A flag in search of me…
A flag can matter. Sometimes even sitting in the wrong place. On the face of a moon. Beside a pew in a sanctuary.
The flag is a symbol. It is in search of unity. Looking for those to whom it belongs, to those who belong to it. For the flag will possess people. And maybe it should. If it possesses them to gather together and sing and cry and wait and worry and seek to heal the wounds of the wounded. If it inspires them to look into each other’s faces.
Each summer at the Pisgah Christian Chapel, in Brown County, Ohio, friends and strangers gather to eat food and listen to tales of history. They assemble in the shaded lawn between the historic brick building and a cemetery. Someone brings homemade ice cream. Someone brings slaw.

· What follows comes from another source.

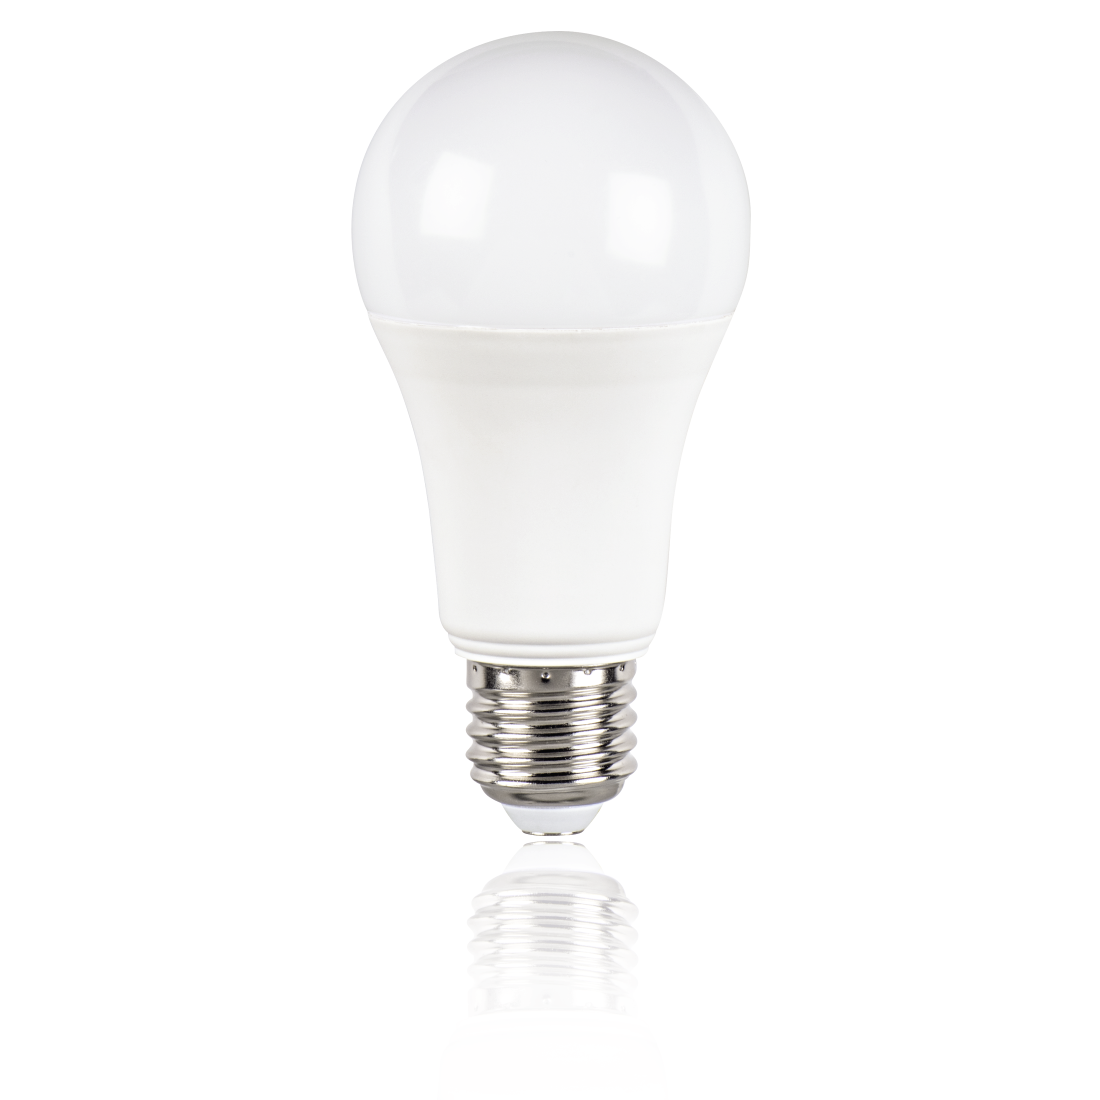 abx2 High-Res Image 2 - Xavax, LED Bulb, E27, 1521lm replaces 100W, incandescent bulb, daylight

A lot of people bring meats and casseroles. Everyone brings their willingness to be together. There is a featured speaker from some historical society or local club who will talk about some aspect of the early days of this part of America.
Inside the now retired and shuttered chapel is this flag. When I came into the chapel alone and saw it in the early evening light something shocked me. An unexpected feeling. I felt affection. This is the flag my friends wear on the right sleeve of their uniforms. This is the flag we sang to in my youth. This is the flag a father taught me how to fold and instructed me in its destruction in the case it would even but brush the ground. This flag is guarding us to make opinion.
Am I a fool to want to be with you even if we disagree? This flag is a symbol not of a politic and religion. It is in search of unity between you and me. It is of us and we are of it. No matter where we come from, how, or where we are going, we can be under it, assembled by it, safe in this agreement.